A key limitation was that several videos had comments disabled, reducing the available data and potentially affecting the representativeness of the sample. Additionally, sentiment analysis can oversimplify complex political expressions, potentially misinterpreting sarcasm or nuanced opinions.

Aggregating and Predicting

After classifying each comment, I aggregated the positive, neutral, and negative scores for each candidate. Despite the constraints of a small dataset, John Dramani Mahama emerged with a slightly higher positive sentiment score, leading to a prediction of his victory. Below, I have added the edit timeline which shows the prediction happened before the election by the 6th of December. The edit on the 11th of December was to ensure the removal of my API Key to enable me to share this publicly.

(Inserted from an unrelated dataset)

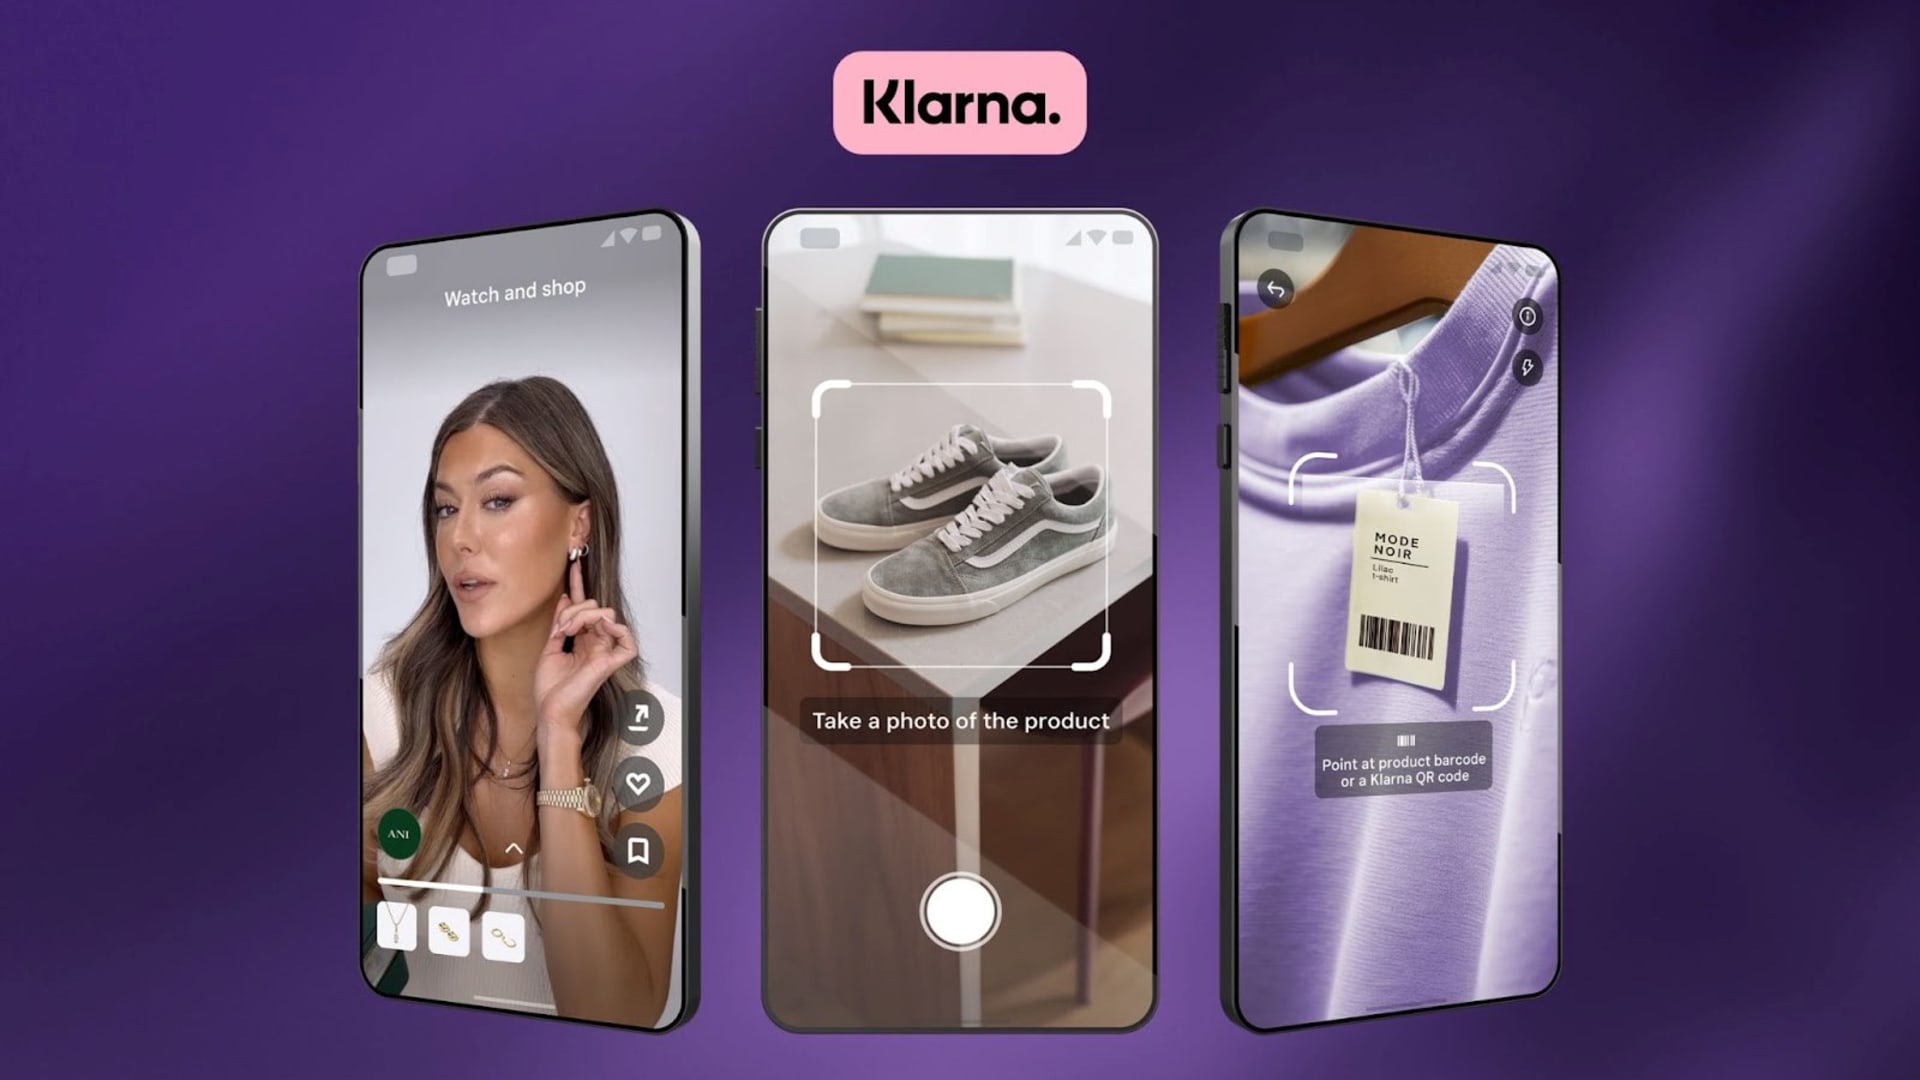 Klarna takes aim at Google and Amazon with AI image recognition tool for shopping
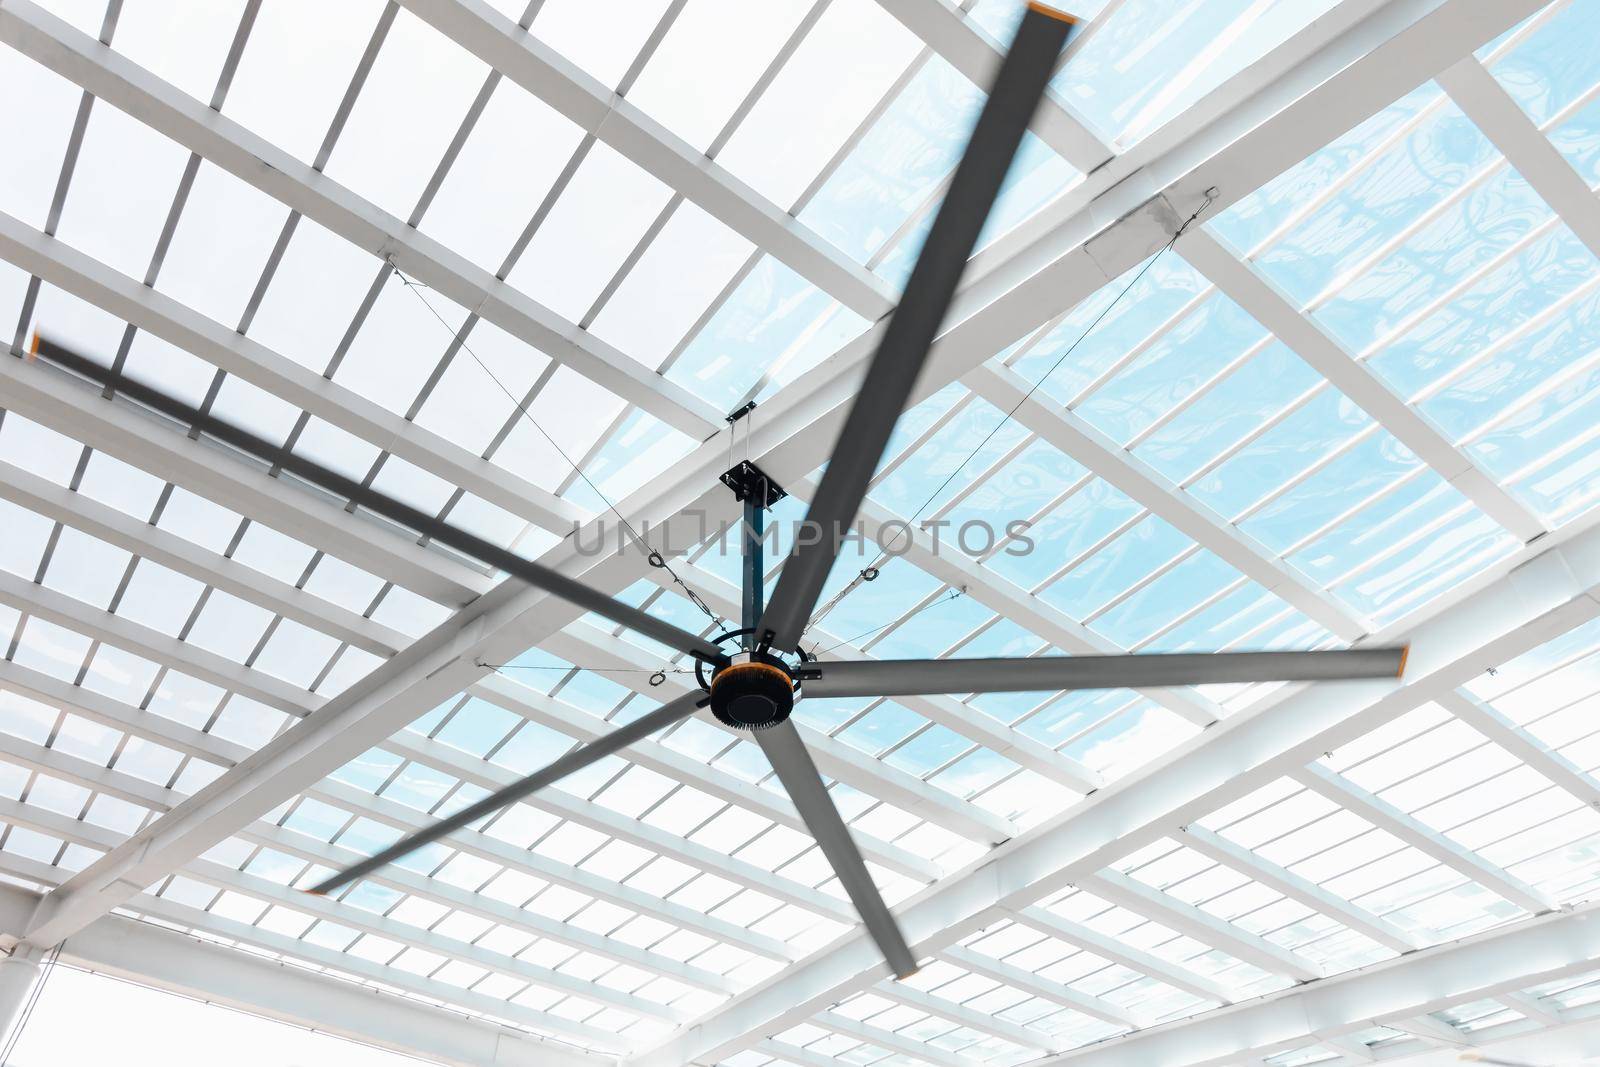 Ventilation Electrical Ceiling Fan Indoor Hall of Building, Luxury Modern Architecture Roofing Transparent Grass and Structure Metal Frame. Electric Ventilator Fan Against Geometric Structures Frame

Election Outcome: Prediction Success!

The election announced declaring John Dramani Mahama confirmed the prediction, which was exciting to see. However, this success doesn’t necessarily validate the model as the most reliable predictor. Given the limited data even though I increased the number to 100 videos as opposed to the US election where I used 10, this approach might not generalize well. Again, the constraints of basic sentiment analysis is a limitation. More sophisticated techniques, such as deep learning or a broader dataset across multiple social media platforms, might yield more consistent results.

Want to dive in ?

Overview: This project was developed in Google Colab and uses the YouTube Data API, accessed with an API key obtained from the Google Developers Console. Remember to generate one of your own and keep it private.

1. Preparing the Code in Google Colab

The project was done in Google Colab. I also used Google’s YouTube Data API to fetch comments and analyze sentiment for each candidate.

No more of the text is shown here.